By default, Ray on Vertex AI creates a public, secure endpoint for interactive development with the Ray Client on Ray clusters on Vertex AI. Use public connectivity for development or ephemeral use cases. This public endpoint is accessible through the internet. Only authorized users who have, at a minimum, Vertex AI user role permissions on the Ray cluster's user project can access the cluster.

If you require a private connection to your cluster or if you use VPC Service Controls, VPC peering is supported for Ray clusters on Vertex AI. Clusters with a private endpoint are only accessible from a client within a VPC network that is peered with Vertex AI.

To set up private connectivity with VPC Peering for Ray on Vertex AI, select a VPC network when you create your cluster. The VPC network requires a private services connection between your VPC network and Vertex AI. If you use Ray on Vertex AI in the console, you can set up your private services access connection when creating the cluster.

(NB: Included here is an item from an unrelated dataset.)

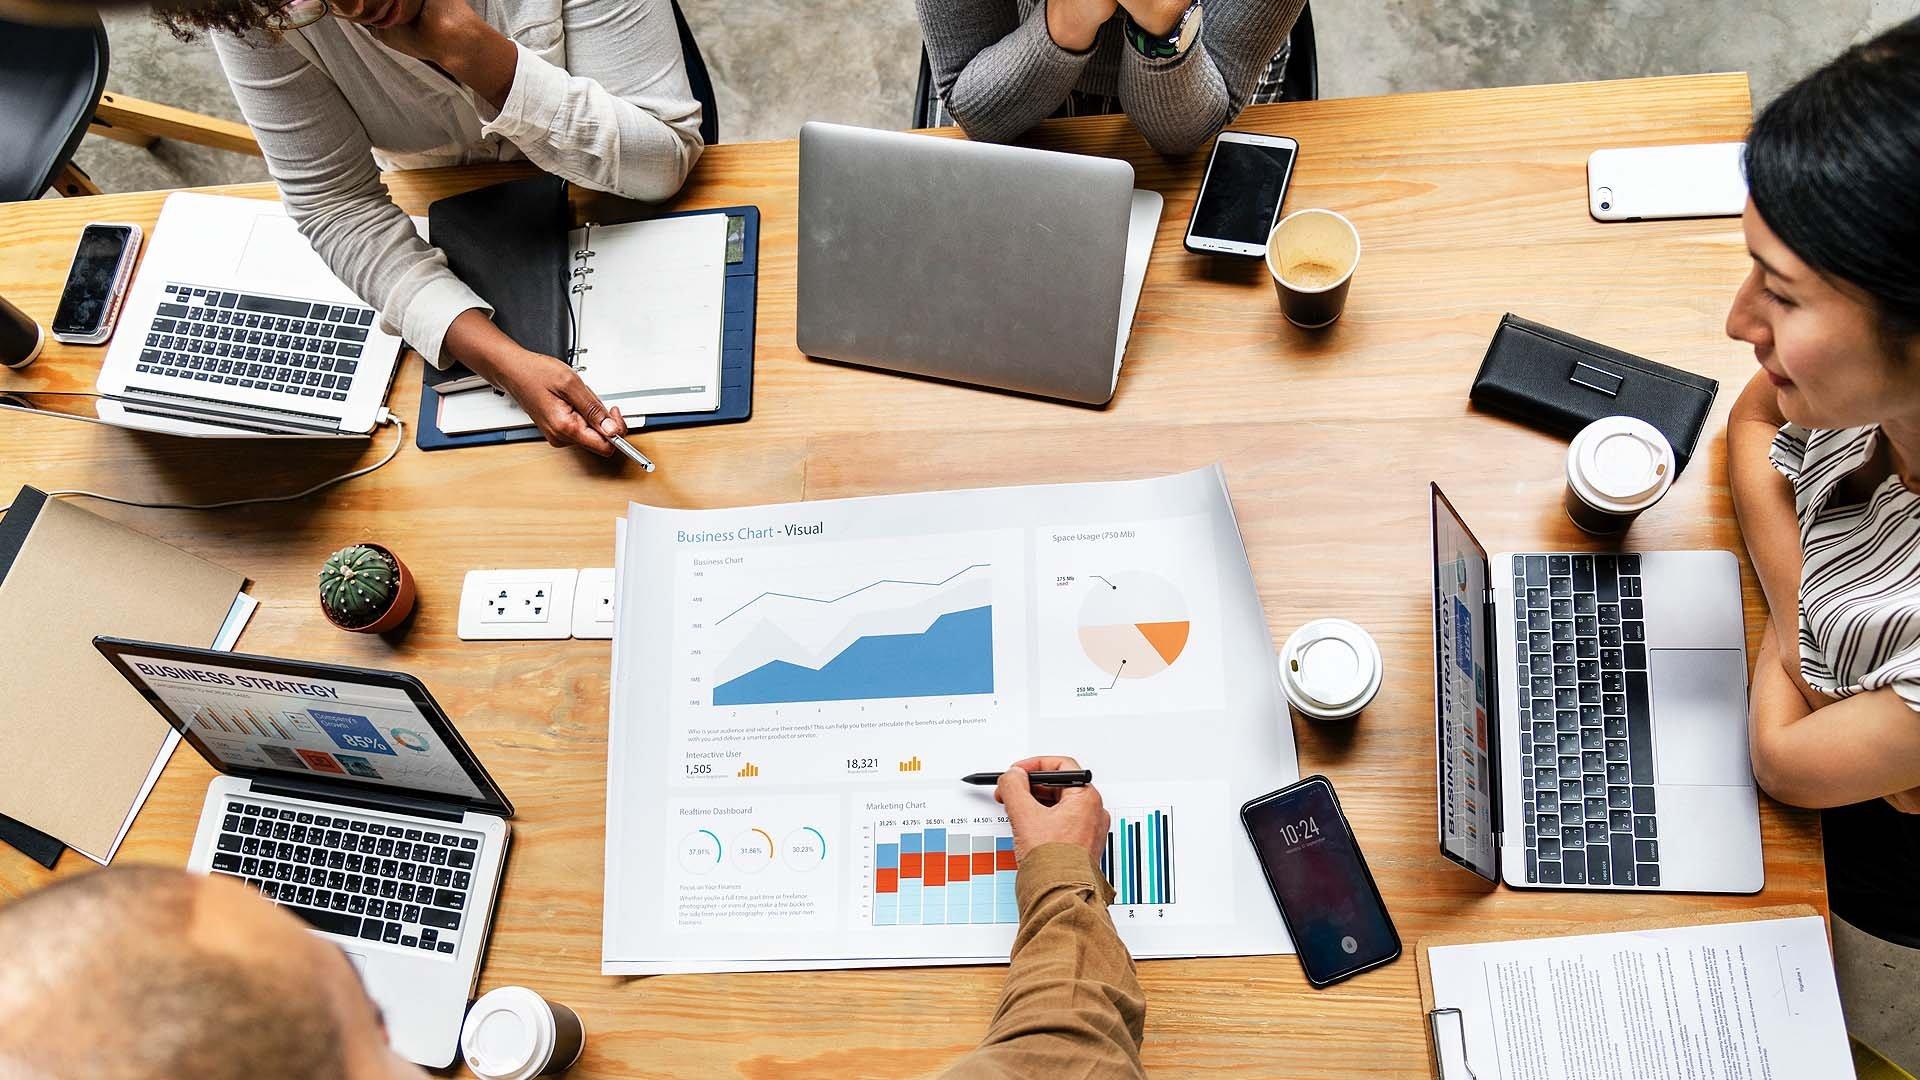 Come si articola la business intelligence

If you want to use VPC Service Controls and VPC peering with Ray clusters on Vertex AI, extra set up is required to use the Ray dashboard and interactive shell. Follow the instructions covered in Ray Dashboard and Interactive Shell with VPC-SC + VPC Peering to configure the interactive shell setup with VPC-SC and VPC Peering in your user project.

After you create your Ray cluster on Vertex AI, you can connect to the head node using the Vertex AI SDK for Python. The connecting environment, such as a Compute Engine VM or Vertex AI Workbench instance, must be in the VPC network that is peered with Vertex AI. Note that a private services connection has a limited number of IP addresses, which could result in IP address exhaustion. Therefore, we recommend using private connections for long-running clusters.

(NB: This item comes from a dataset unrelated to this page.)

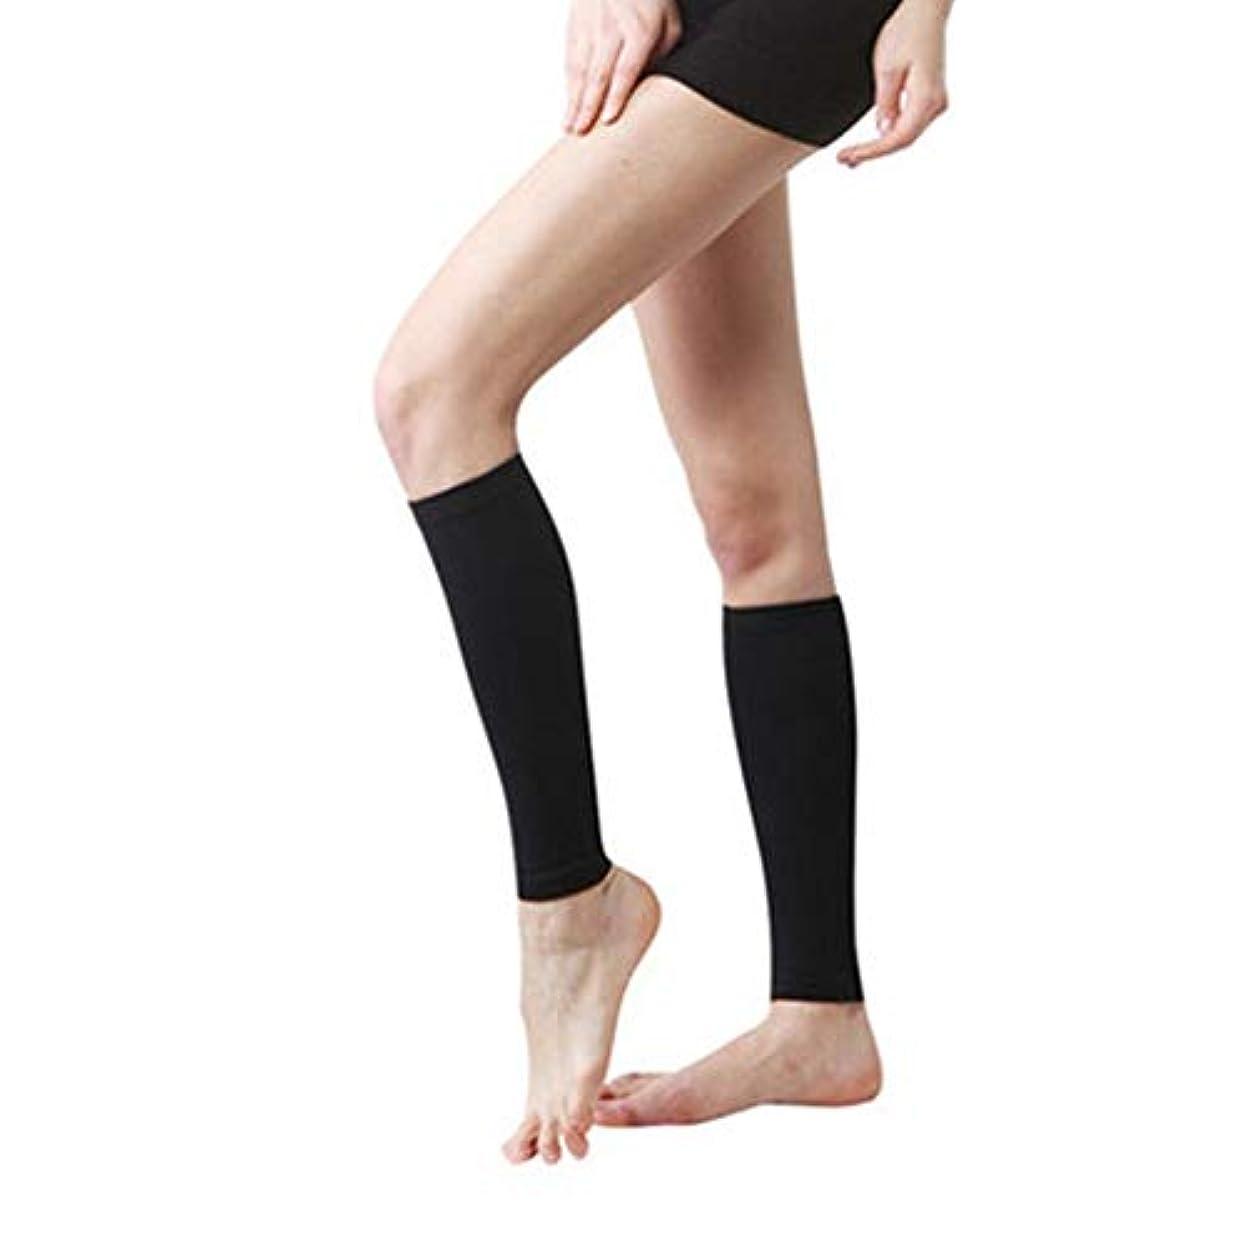 絶え間ない反対にパイプ丈夫な男性女性プロの圧縮靴下通気性のある旅行活動看護師用シンススプリントフライトトラベル - ブラック

Private Service Connect interface for Ray on Vertex AI

Private Service Connect interface egress and Private Service Connect interface ingress are supported on Ray clusters on Vertex AI.

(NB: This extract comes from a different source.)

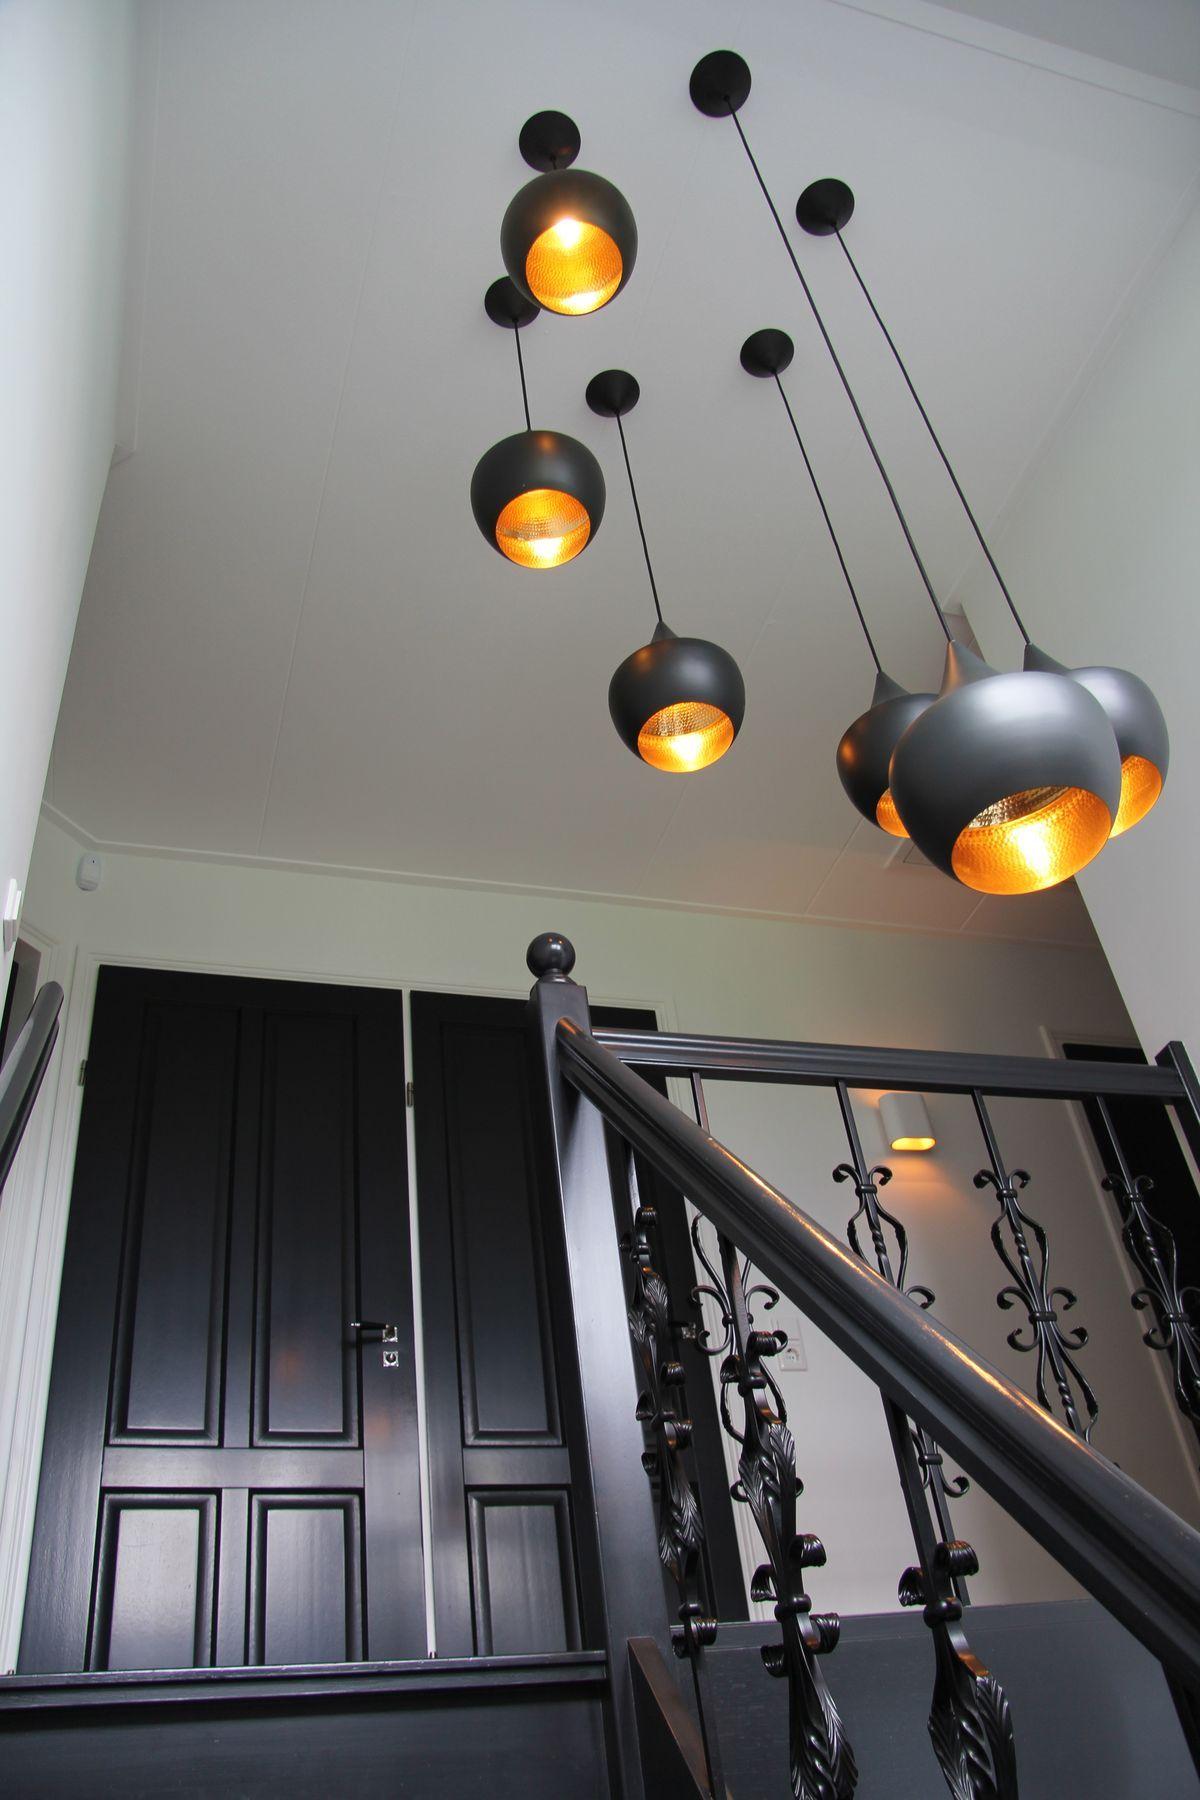 zwarte losse lampen in trapgat vide

To use Private Service Connect interface egress, follow the instructions provided below. If VPC Service Controls is not enabled, clusters with Private Service Connect interface egress use the secure public endpoint for ingress with Ray Client.

If VPC Service Controls is enabled, Private Service Connect interface ingress is used by default with Private Service Connect interface egress. To connect with the Ray Client or submit jobs from a notebook for a cluster with Private Service Connect interface ingress, make sure that the notebook is within the user project VPC and subnetwork. For more details on how to set up VPC Service Controls, see VPC Service Controls with Vertex AI.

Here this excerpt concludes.